Both established and new businesses can get equipment financing. Even those with lower credit profiles can usually qualify. The equipment is the collateral for the loan. 

Even business owners with less-than-ideal credit can be eligible for equipment financing. By doing so, you won’t have to provide collateral other than the equipment itself.

Equipment loans have reasonable interest rates. But some factors cause rates to go up and down. It is because it depends on your business’s age, credit, and financial standing. Thus, the rates range from 8% to 30%. 

Equipment financing is available for purchasing or leasing various equipment—for instance, computers, appliances, and vehicles used in business.

Invoice Financing

Invoice financing of businesses is also a type of asset-based loan. The lenders give you a cash advance on outstanding invoices as part of this type of loan. As collateral for an advance, the unpaid invoices act as collateral.

Are you having a problem with cash flow because your customers pay at different times? Getting invoice financing can help you out. You can use such funds to cover your business’s operations expenses like payroll and rent.

Commercial Real Estate Loans

Commercial real estate loans are an excellent option for companies looking to buy commercial property. With this type of business loan, the property acts as collateral.

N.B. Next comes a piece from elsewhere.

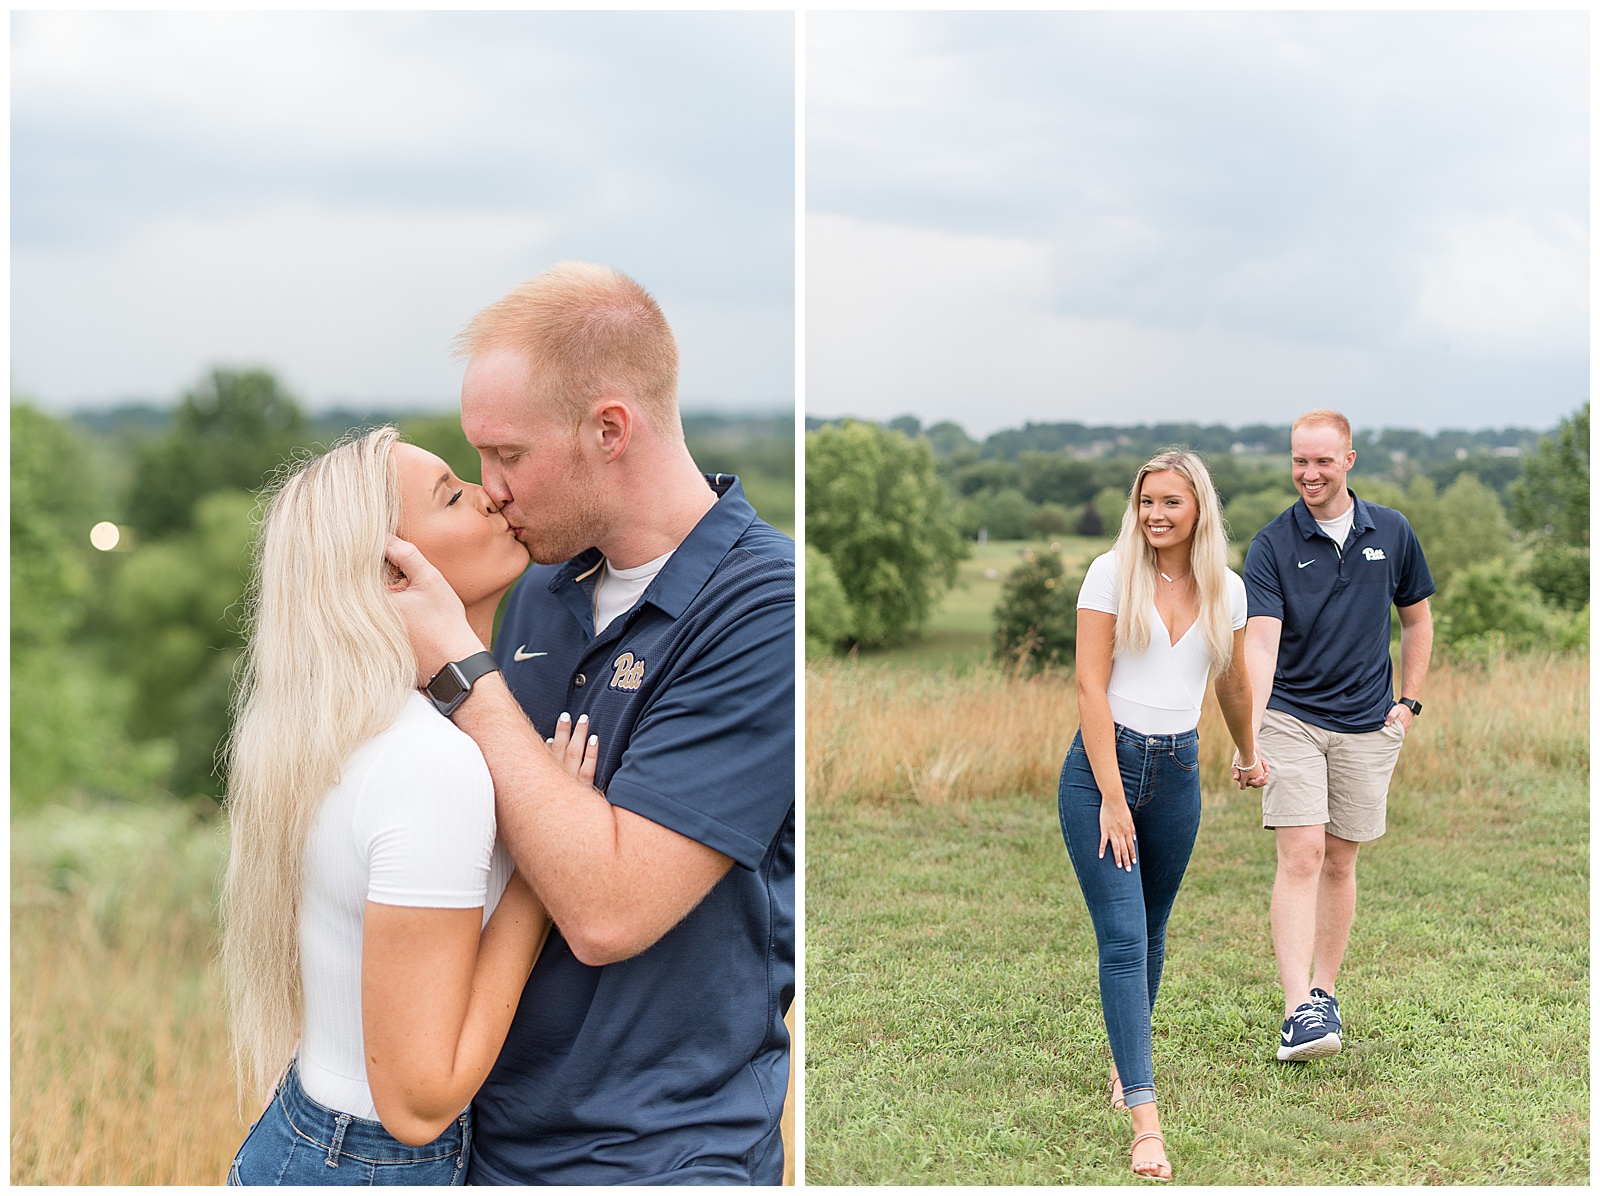 Overlook Park engagement session with girl in white t-shirt and guy in navy blue shirt
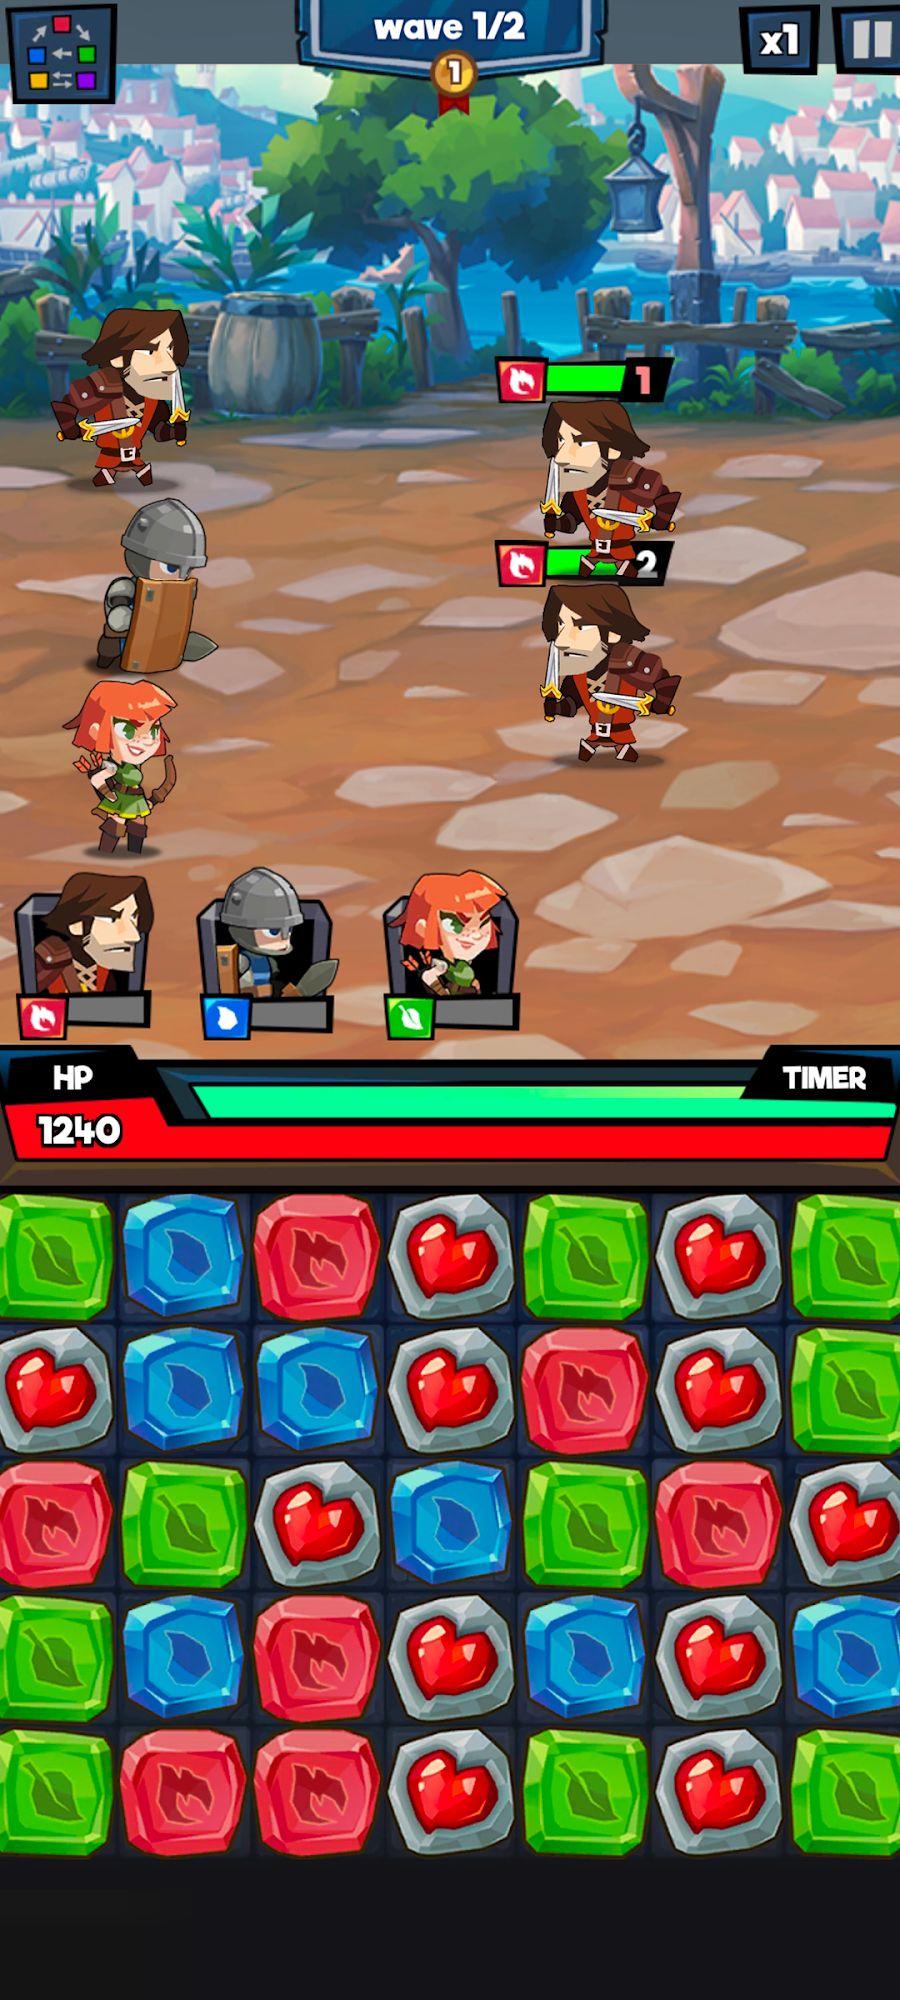 Gameplay of the Empire Knight for Android phone or tablet.

Sometimes, a small business may need just a little cash to reach its next goal. A microloan can be a great option. Loans like these can be used for startup costs, working capital, and expansion plans. There aren’t too many qualifications required.

Personal Loans for Business Use

Using a personal loan for startup funding is a popular option. Looking where to apply for a personal loan won’t be a problem. That is because most online lenders and banks are both offering personal loan services. 

But before that, bear in mind that your financial situation and credit score will determine these rates. Don’t forget that Credit scores play a huge role in your loan rates. A credit score of at least 650 is required to qualify.

Merchant Cash Advances

Merchant cash advances allow businesses to get cash quickly. It’s like a payday loan, except that this is for companies, not individuals.